Adeta “filler tepişir, alttaki çimenler ezilir” sözü gibi arada kalan çocukların gelişmekte olan karakterleri ve moral durumları huzurlu evliliklerdeki gibi olmaz, bazı problemler ve zararlar ortaya çıkar. Bu problemli kişiler ve çocuklarının sıkıntılarını topluma yansıtmamaları muhakkak ki mümkün değildir.
Aslında boşanma planlı ve karşılıklı saygı ve anlayış çerçevesinde gerçekleştiğinde eşler ve çocuklar açısından daha az yıkıcı ve zarar verici olmaktadır. Ancak çoğu zaman böyle olmaz.
Boşanmayı takip eden yıllarda hem kadınlar hem erkekler düşük benlik saygısına sahip olma, sosyal ve cinsel rollerde şaşkınlık, sinirlilik, endişe, çelişkilere kapılma ve depresyon belirtileri göstermektedir. Ayrıca suçluluk hissi, yalnızlık ve güvensizlik çekme de söz konusudur.

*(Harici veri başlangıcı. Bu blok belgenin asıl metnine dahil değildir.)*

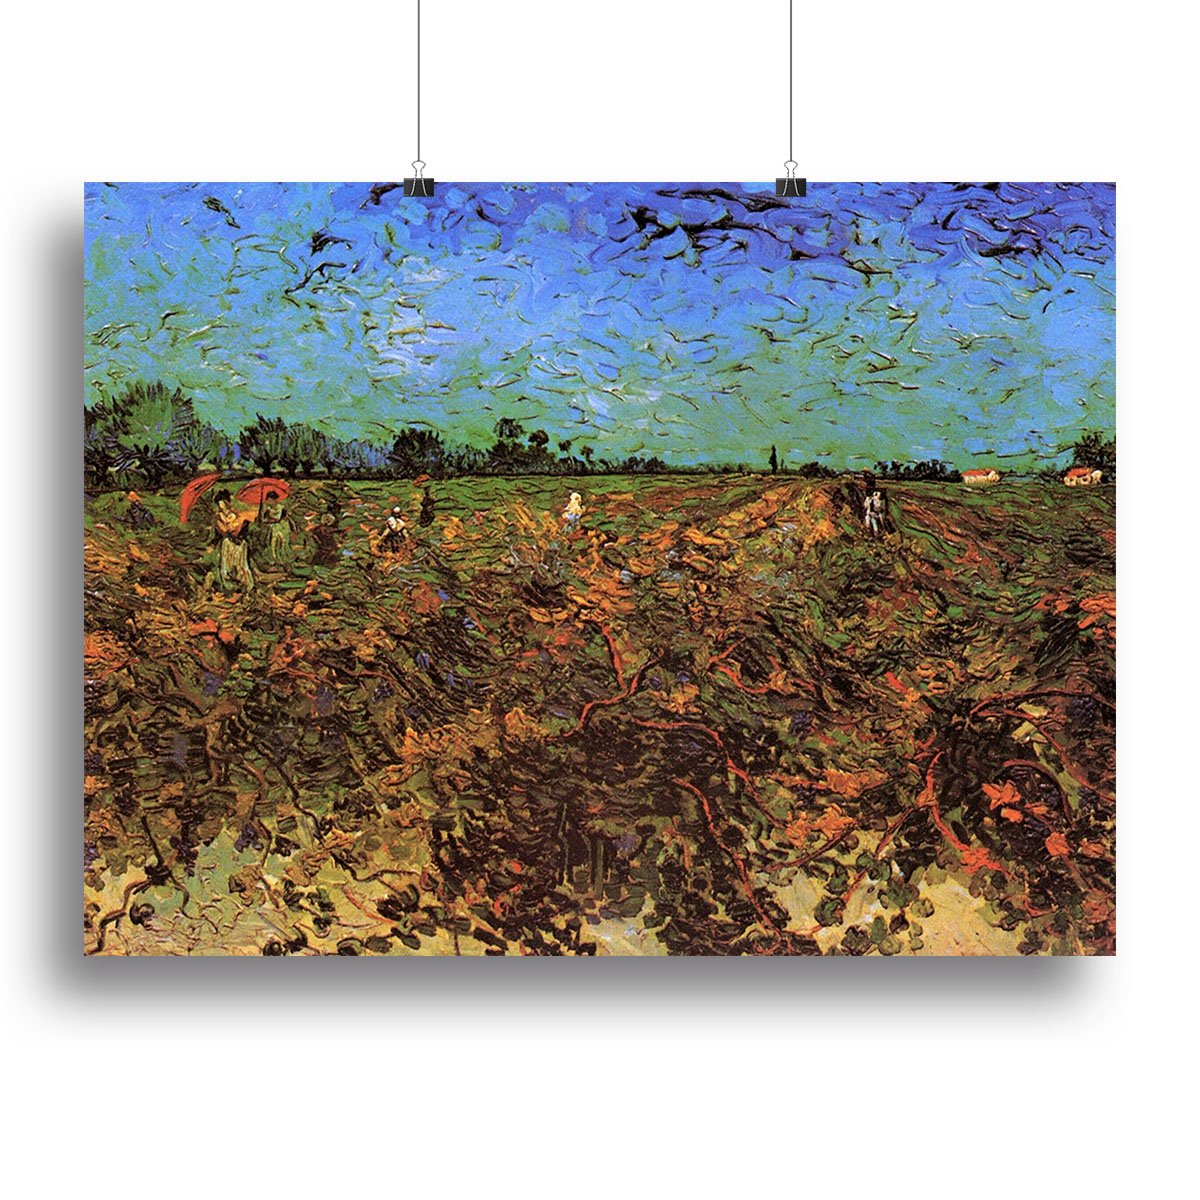 The Green Vineyard by Van Gogh Canvas Print or Poster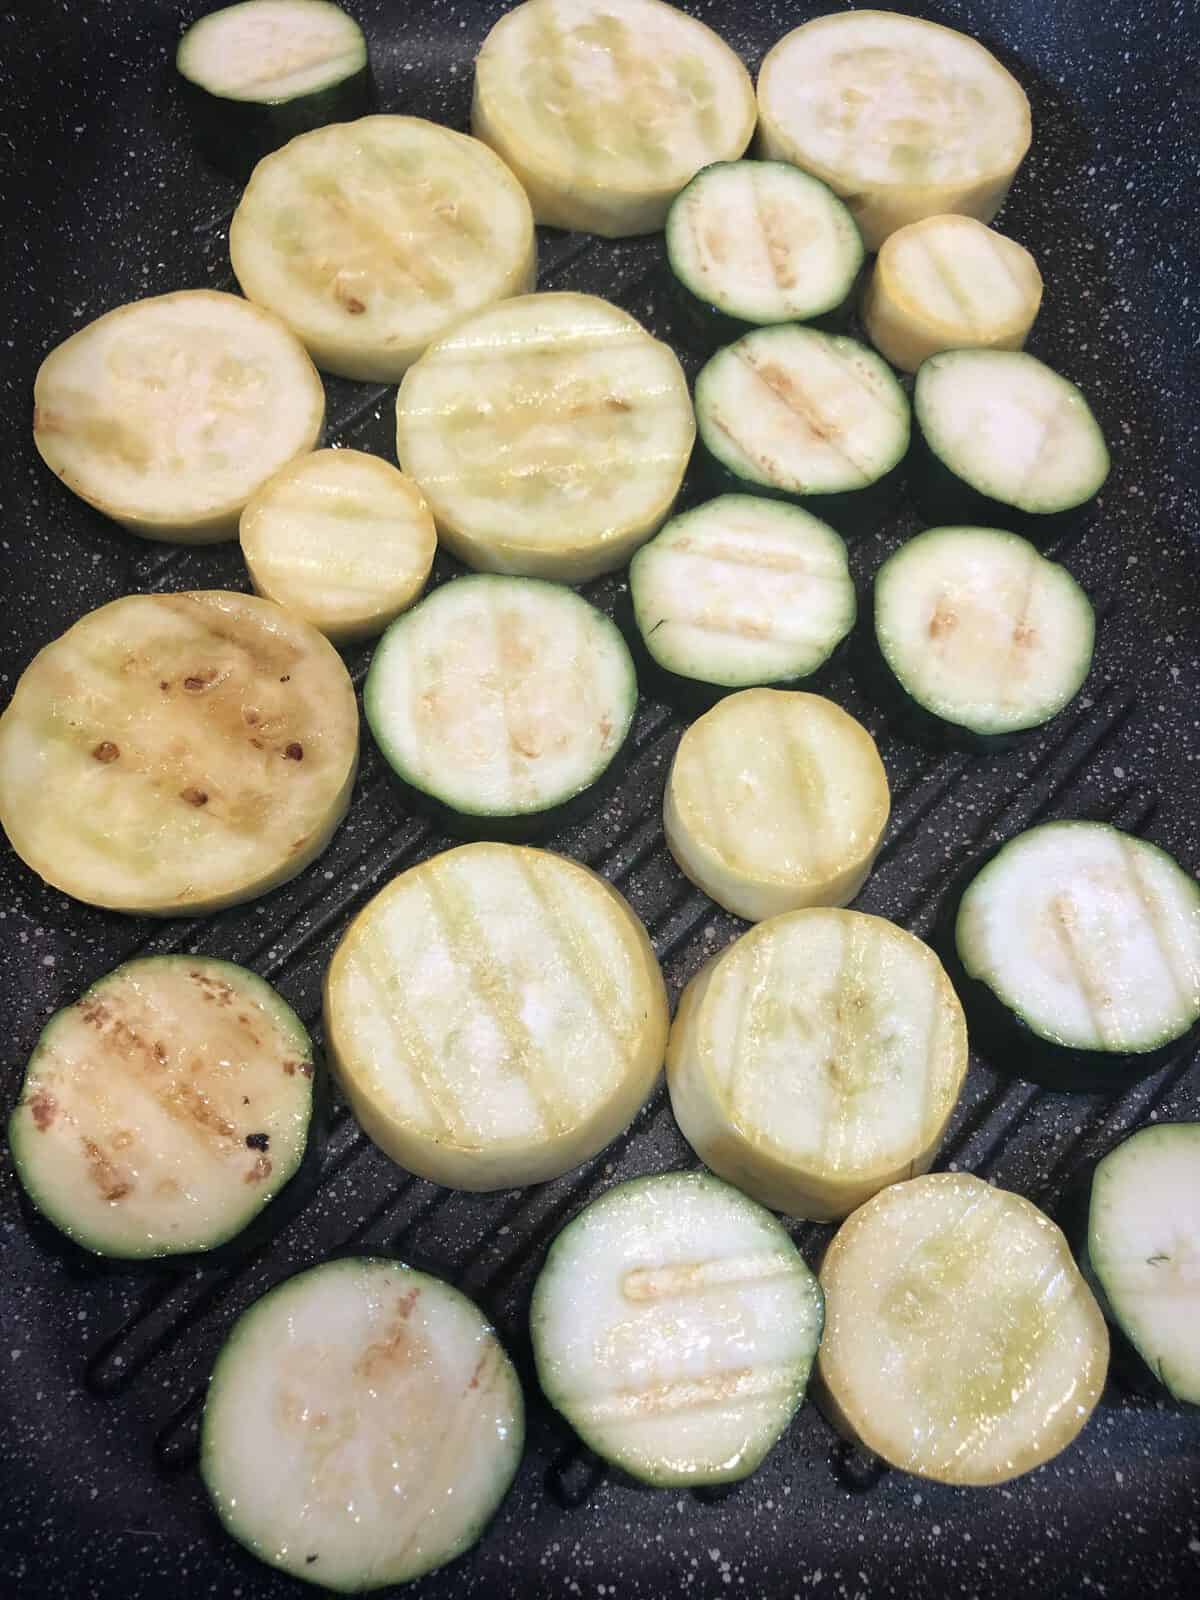 Grilling zucchini  and squash slices on an indoor grill

Eşlerdeki bu sorunların da anne-babası zaten ayrılmış olan çocuklara yansıyacağı muhakkaktır.
Boşanmada Çocukların Durumu
Çocuğun zihinsel, duygusal, sosyal ve bedensel gelişiminin sağlıklı olması aile bireylerinin uyumu, mutluluğu ve iyi geçinmeleriyle yakından ilgilidir. Bir ailede anne ile baba birbirini seven ve saygı duyan kişiler ise o ailede büyüyen çocuk o ölçüde mutlu, huzurlu, kendine güveni gelişmiş ve girişim gücü yüksek kişiler olarak büyür.
İşte aile fertlerini olumsuz etkileyen faktörlerin başında boşanma gelmektedir.
Anne-babası ayrılmış çocuklarda şu hususlara rastlanma oranı artmaktadır:
• Düşük benlik saygısı, kendine güvensizlik
• Suça eğilim
• Düşük okul başarısı
• Yoğun korku ve kaygı yaşama
• Evliliğe soğukluk
• Evlendiğinde çocuk sahibi olmaya isteksizlik
• Psikolojik problemler. Hırçınlık, depresif belirtiler, yalnızlık hissi, çekingenlik sık rastlanan belirtilerdir.
• Her iki tarafın çocuğun gözüne girmek için aşırı verici ve hoşgörülü davranmasıyla gelişen şımarıklık, tatminsizlik hali ve sorumluluklarını yerine getirmeme.
• Çocuklar genelde anne ile kalmaktadırlar. Babadan ilgi ve sevgi görmeyen çocuklarda ise güvensizlik, öz saygısını kaybetme, terk edilmişlik duyguları gelişmektedir.
Boşanmış Çiftler Nelere Dikkat Etmeliler?
• Çocuğu çekişmelerinde koz veya silah olarak kullanmamalılar. Taraf tutmaları beklenmemeli, birbirlerinden yakınmalarını çocuğa anlatmamaları gerekir.
• Ayrıldıkları eşi aleyhine konuşmamalı, “anlaşamadık, böyle icap etti”demelidirler. Yine annesi/babası olduğu söylenmeli, ayrıldığı eşinden kesinlikle nefret etmesi değil sevmesi sağlanmalıdır.
• Boşanmış olmaktan duyulan üzüntü ve suçluluğu dengelemek amacıyla çocuğa aşırı cömert davranmaktan kaçınmalıdır. Önemli olanın onunla daha çok vakit geçirmenin olduğu bilinmelidir. Parklara, müze ve tabiata götürmek; sohbet ve yürüyüş yapmak, gezmek çocuğu daha mutlu edecektir.
• Çocuğun her zaman sevildiğini ve sevileceğini bilmesi, hissetmesi gerekir. Ayrıca ayrılma olayında kendisinin herhangi bir suçu veya hatası olmadığını, hem annenin hem de babanın onu çok sevdiğini bilmelidir.